DESCRIPTION OF THE TASK -
Skipping all images, output the listing word for word.

DATA SHOWN -
※
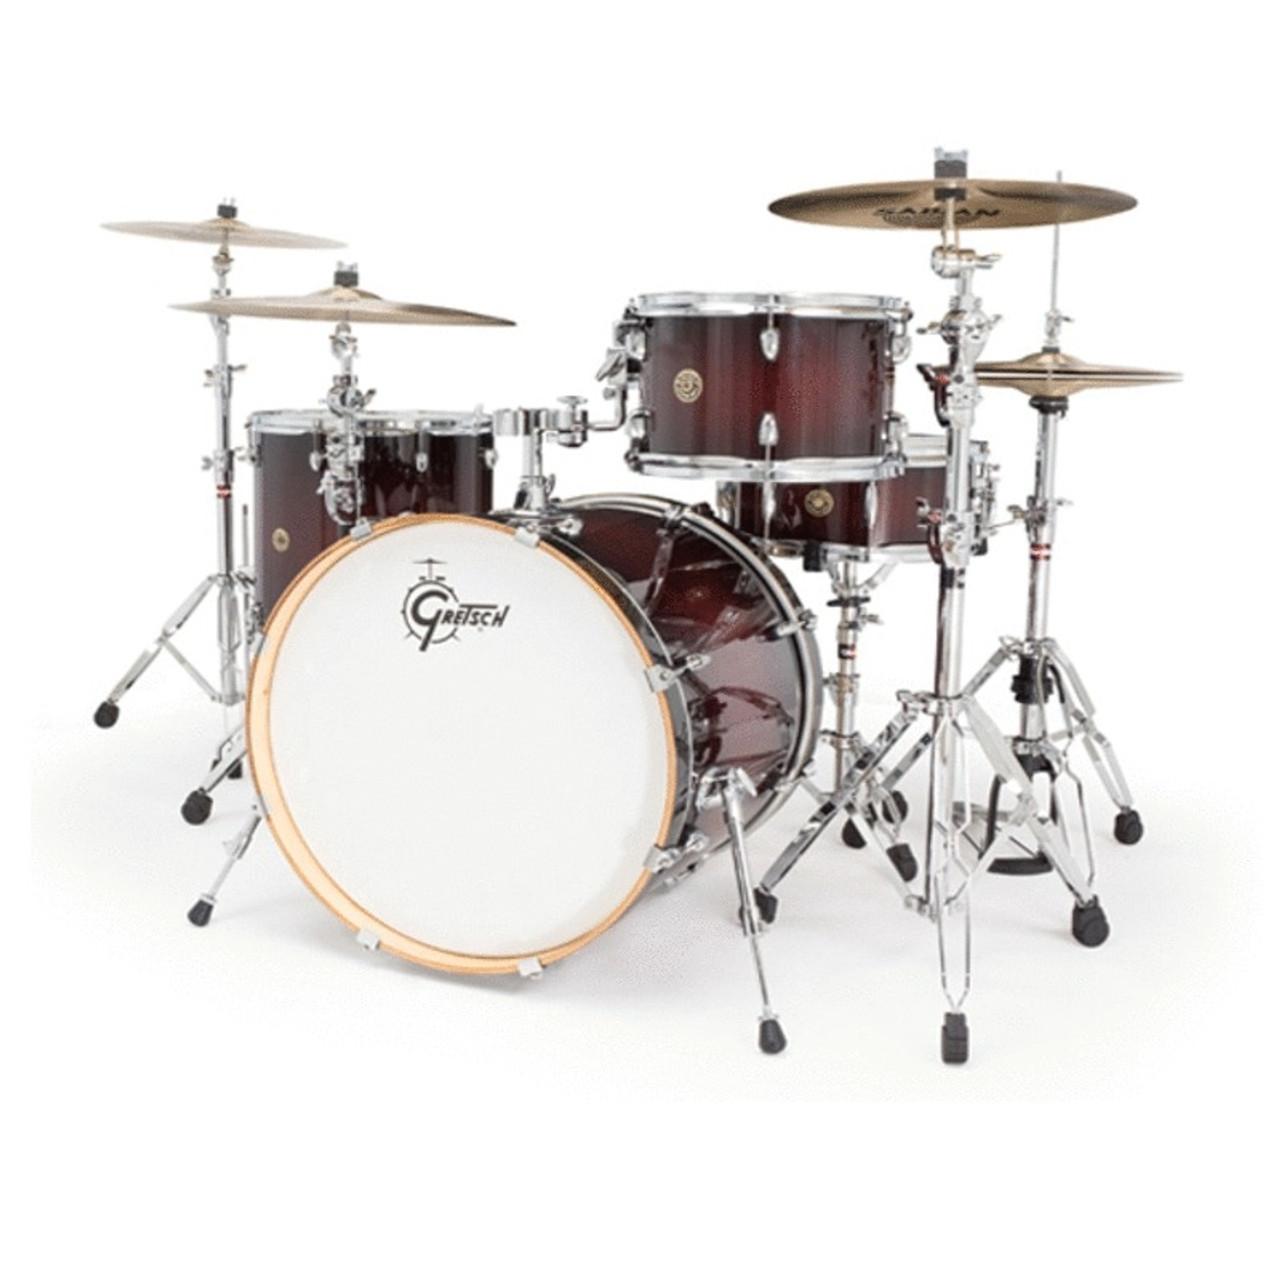 "Drum Batter Head Gretsch Tom 8/"" Clear"
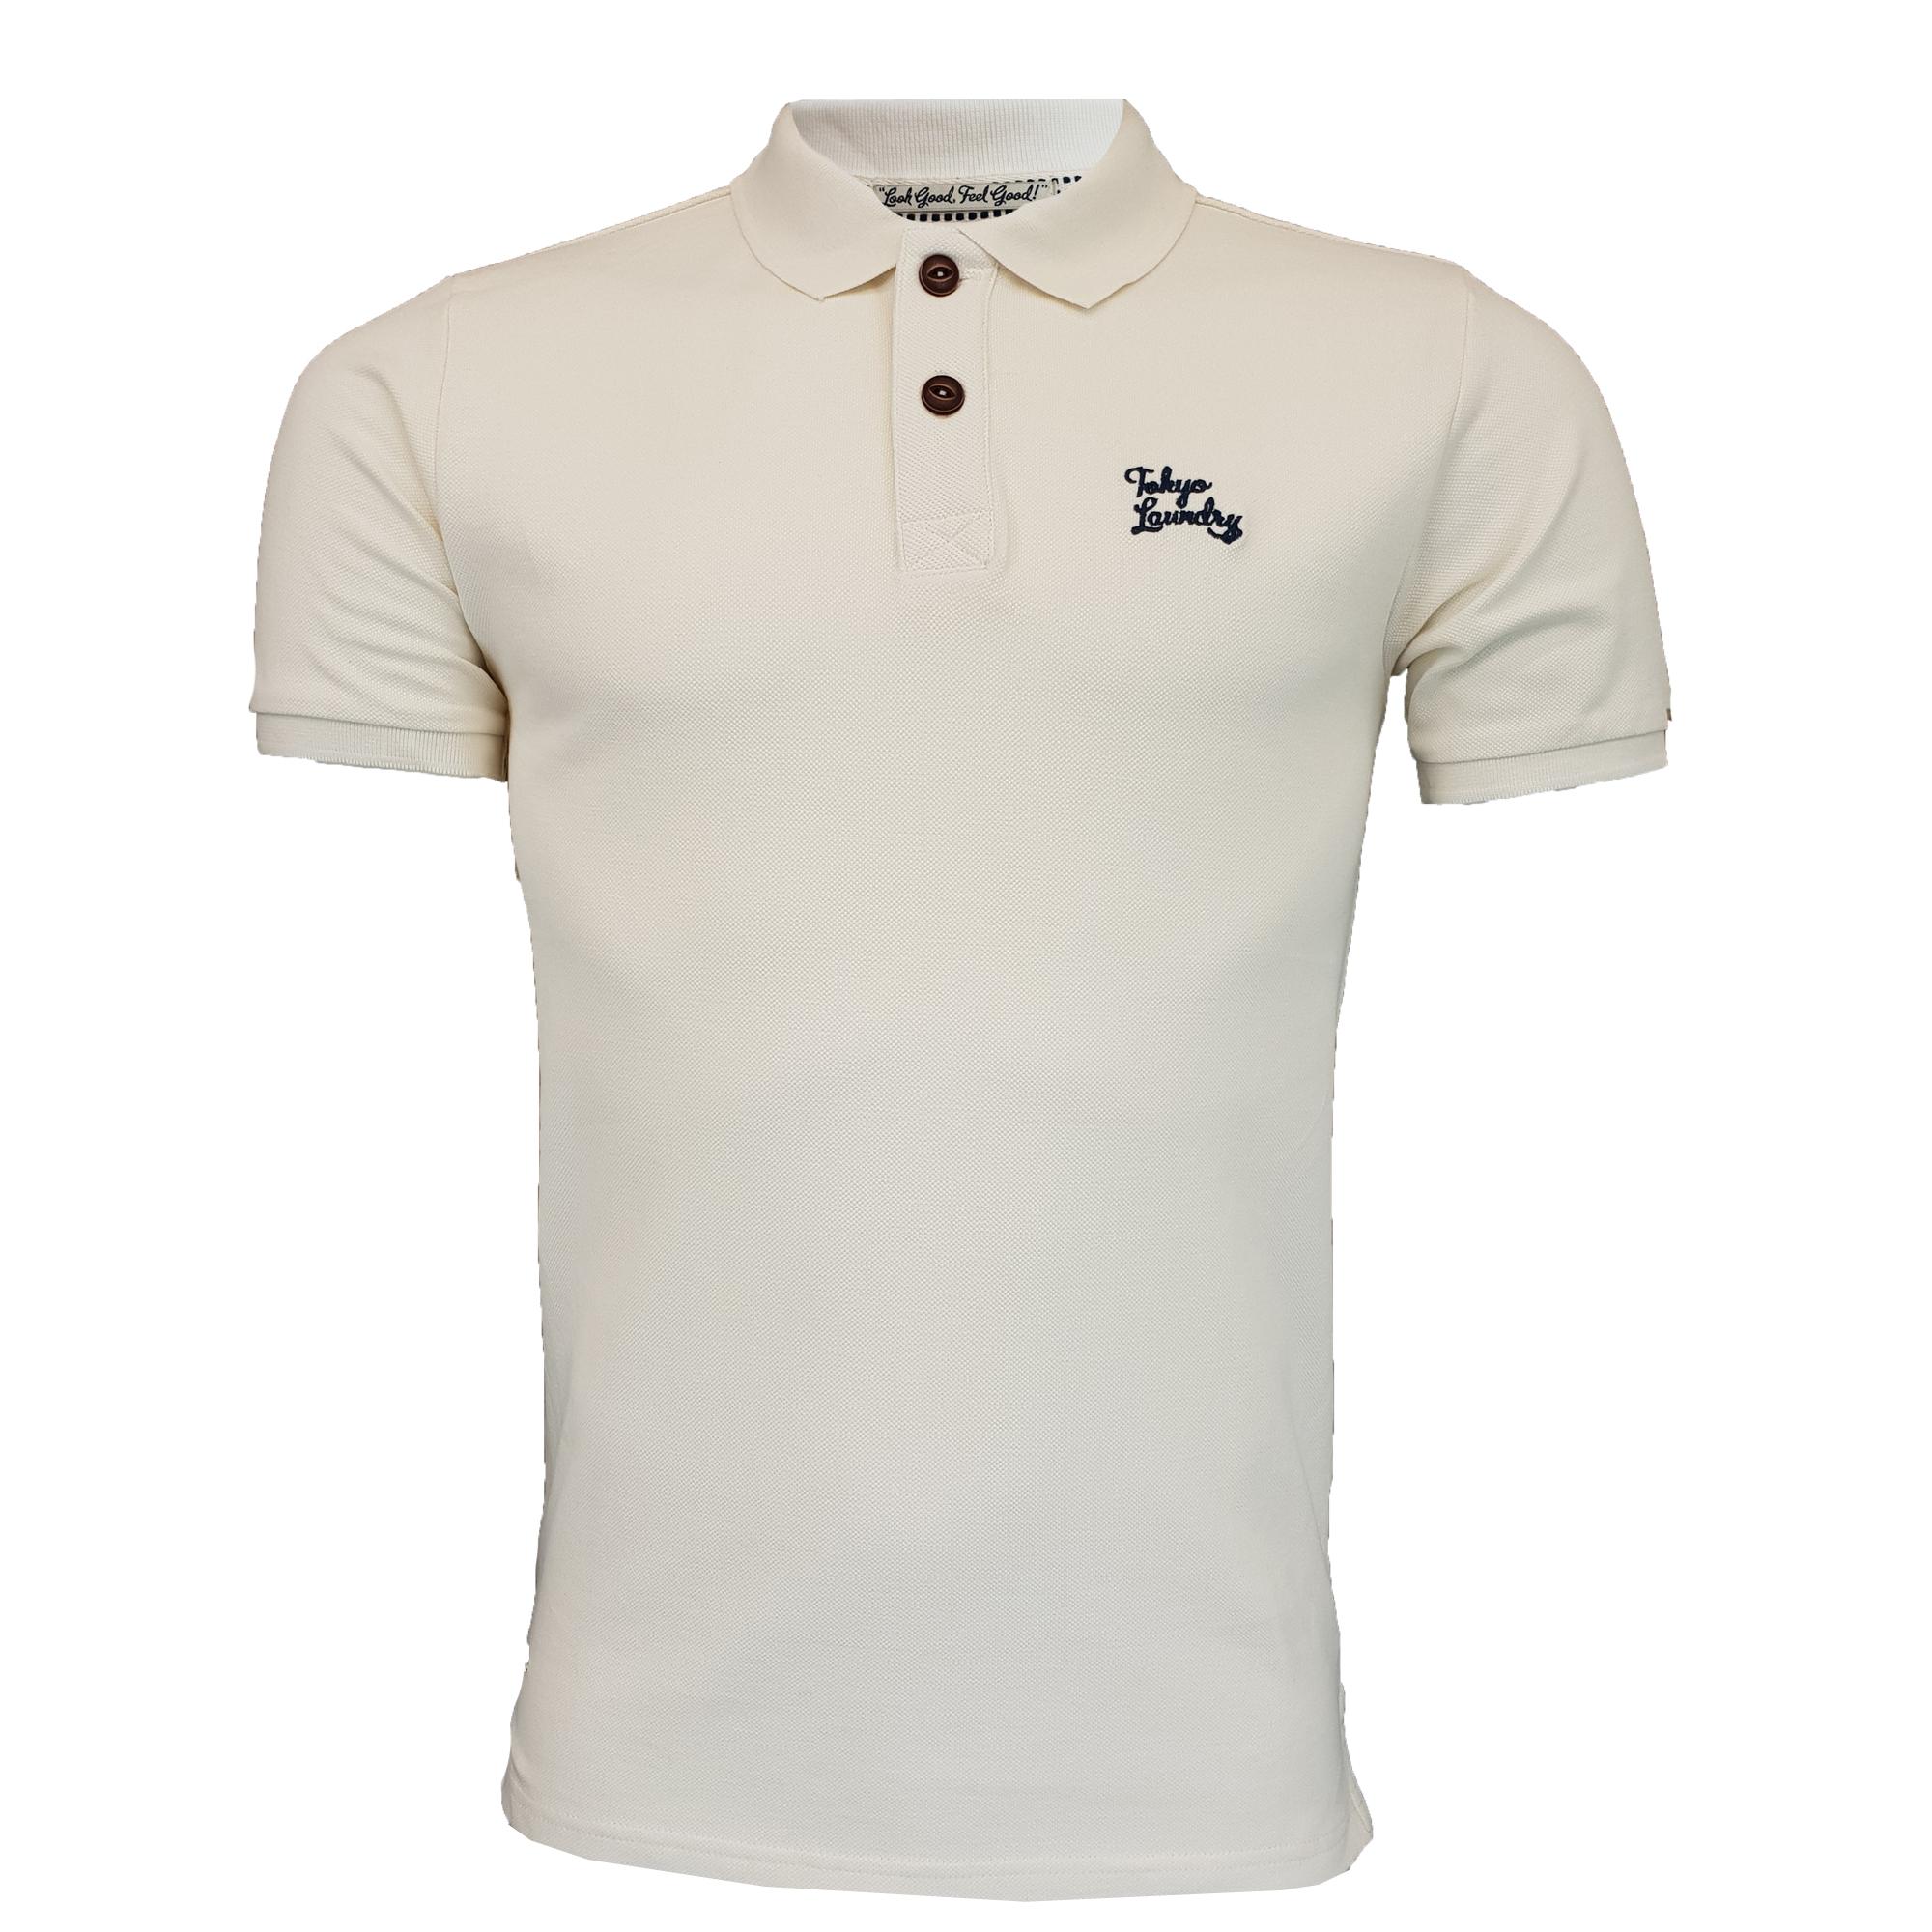 Mens-Pique-Polo-T-Shirt-Tokyo-Laundry-Florenzi-Short-Sleeved-Top-Casual-Summer thumbnail 7
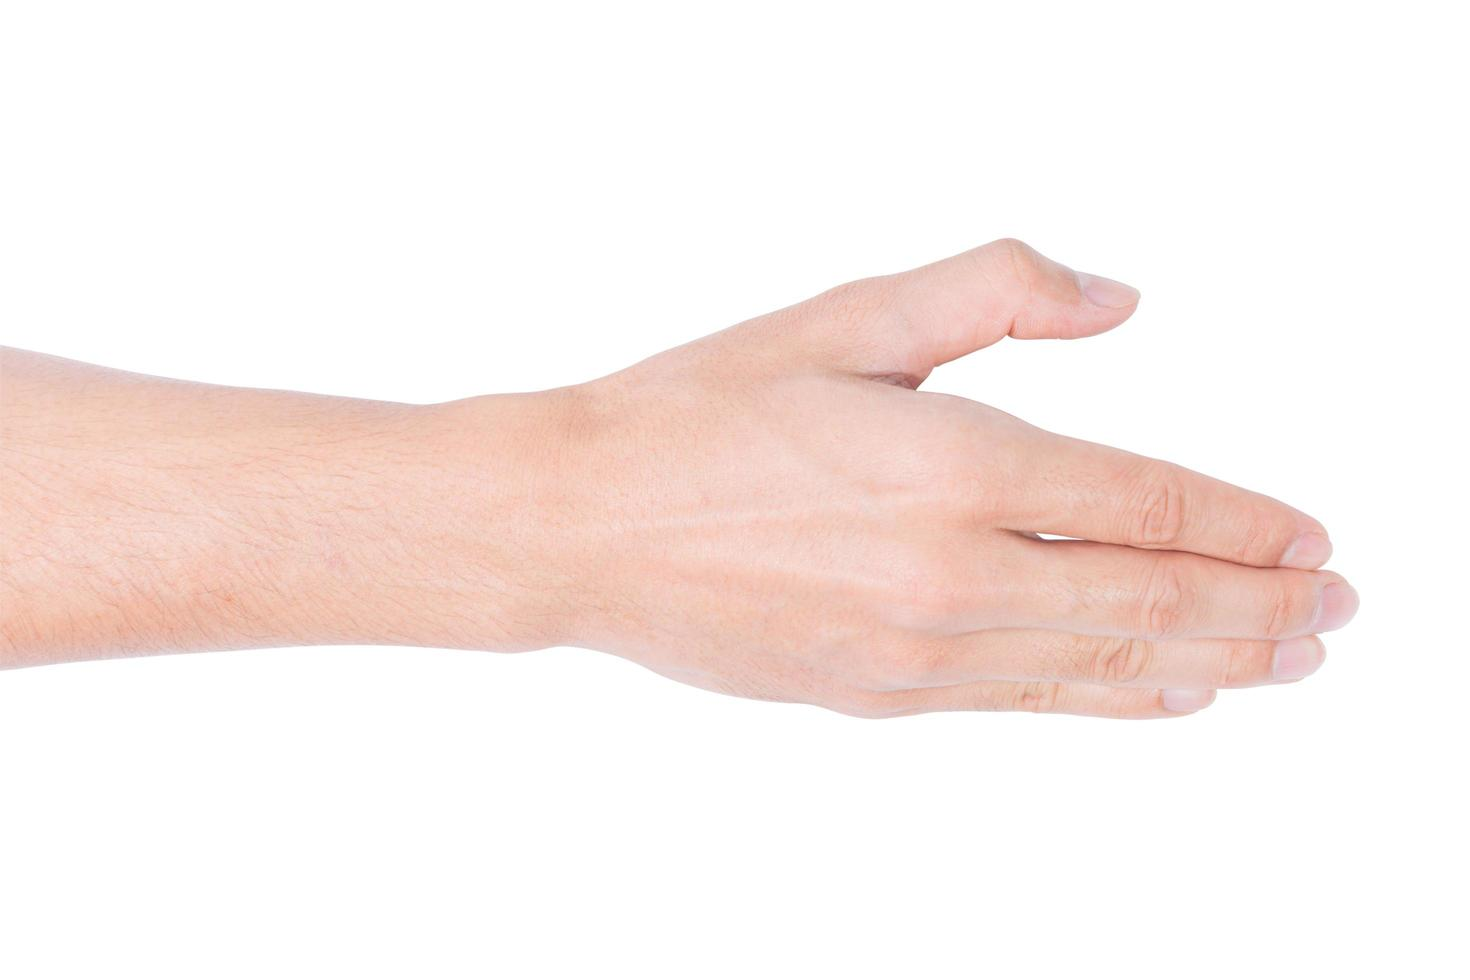 mano sobre fondo blanco foto
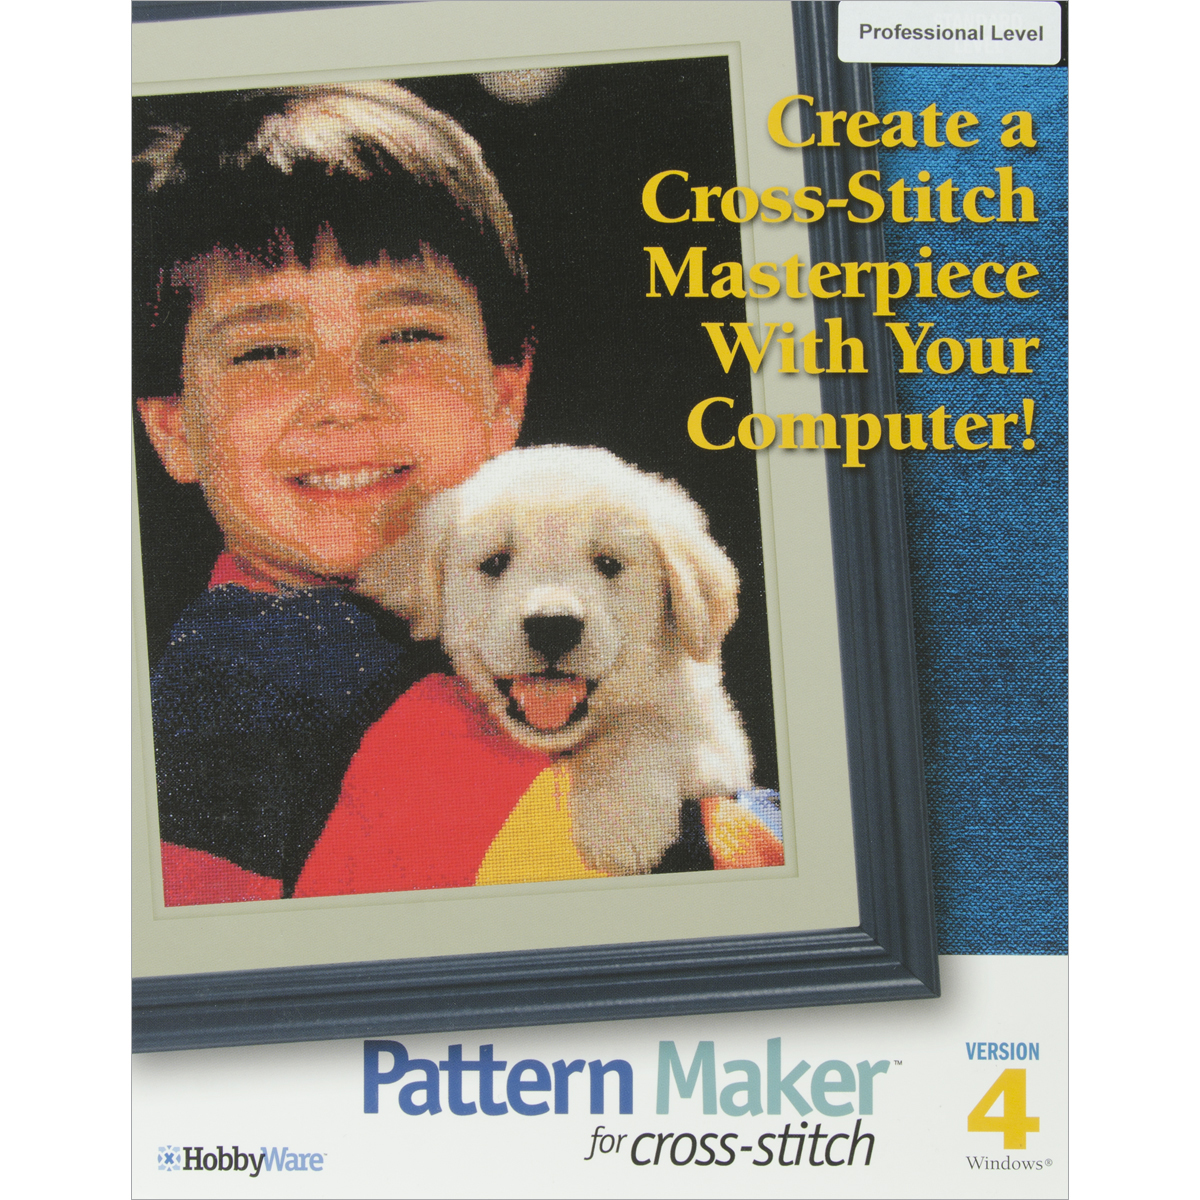 Pattern Maker Cross Stitch Software, Professional Version
※
ANSWER SECTION -
 "Drum Batter Head Gretsch Tom 8/"" Clear"
 Mens-Pique-Polo-T-Shirt-Tokyo-Laundry-Florenzi-Short-Sleeved-Top-Casual-Summer thumbnail 7
 mano sobre fondo blanco foto
 Pattern Maker Cross Stitch Software, Professional Version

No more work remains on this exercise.